Of course, from EXIF data, you can identify the camera make and model and possibly the location of the image capture.

You are right in that in theory the differences in digitisers and post processing would enable at least the camera or lens to be identified by specialist processing even without the metadata.

If a specialist got hold of a smartphone/camera and some images, it is also likely that they would be able to match one to the other as well due to differences in the manufacturing though I don't know how reliable that would be.

2

In addition to the EXIF data, there is a number of indirect approaches you can take to gain some information, especially if you have a number of pictures.

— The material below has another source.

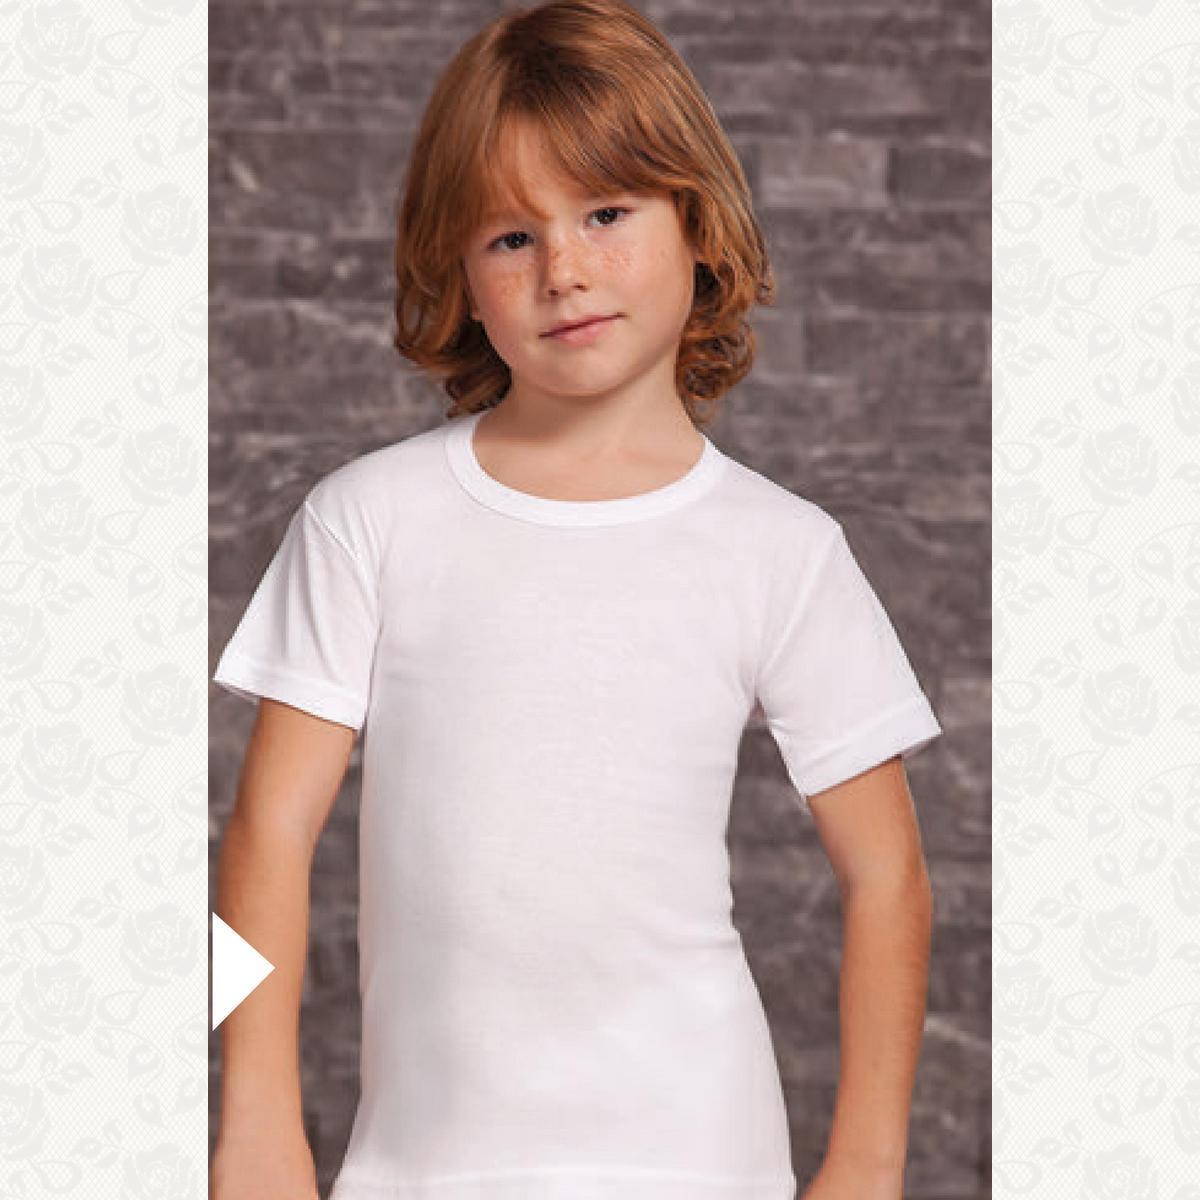 Футболка для мальчиков и девочек размер от1до 4, цвет белый, 6 шт.
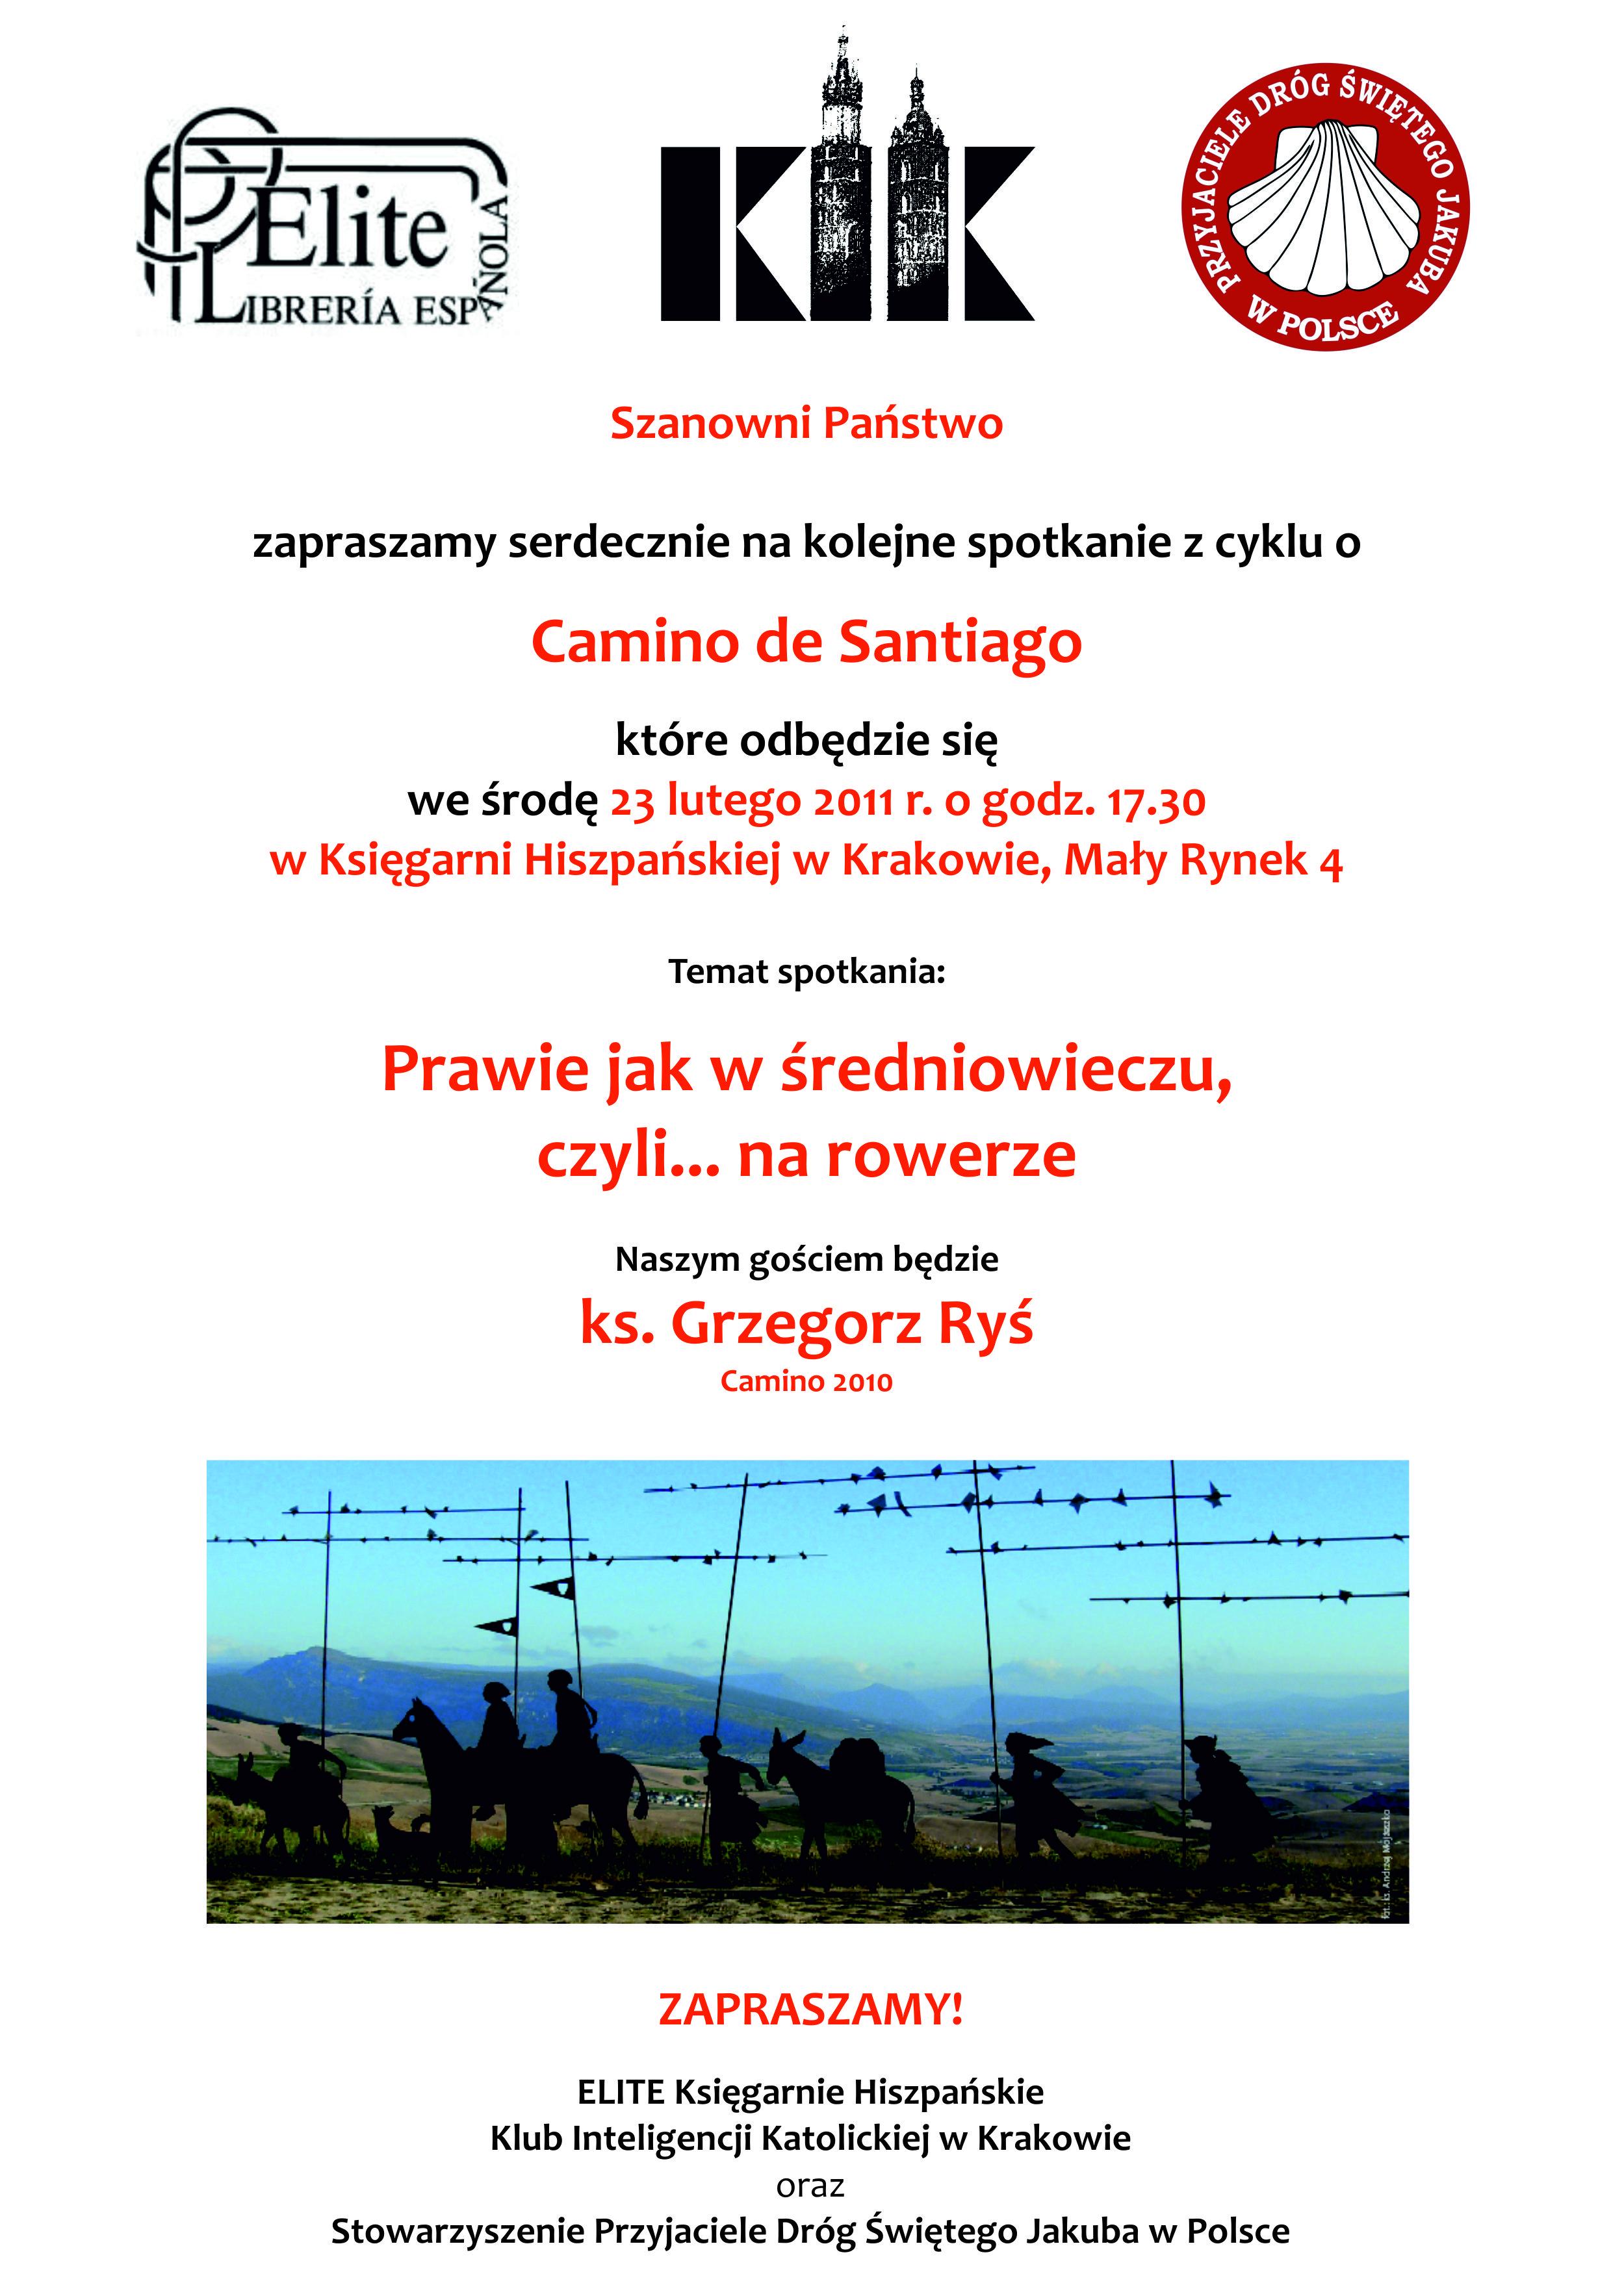 camino de santiago jak w średniowieczu

All smartphones I know sequentially number their images. The filename leaks this information, allowing someone who has several of your pictures to know how many pictures you took inbetween. If you provide a series of pictures for any purpose, it is visible if there are gaps, i.e. if you left out any pictures. In a setting of evidence, that might be important.

The number also gives me an estimate of how many pictures you take, in general, disclosing your habit of photography or lack thereof. This may or may not be useful depending on context.

There can also be a thumbnail embedded in the EXIF data, and not all image manipulation software updates the thumbnail, potentially leaking information if a picture was cropped, rotated or mirrored.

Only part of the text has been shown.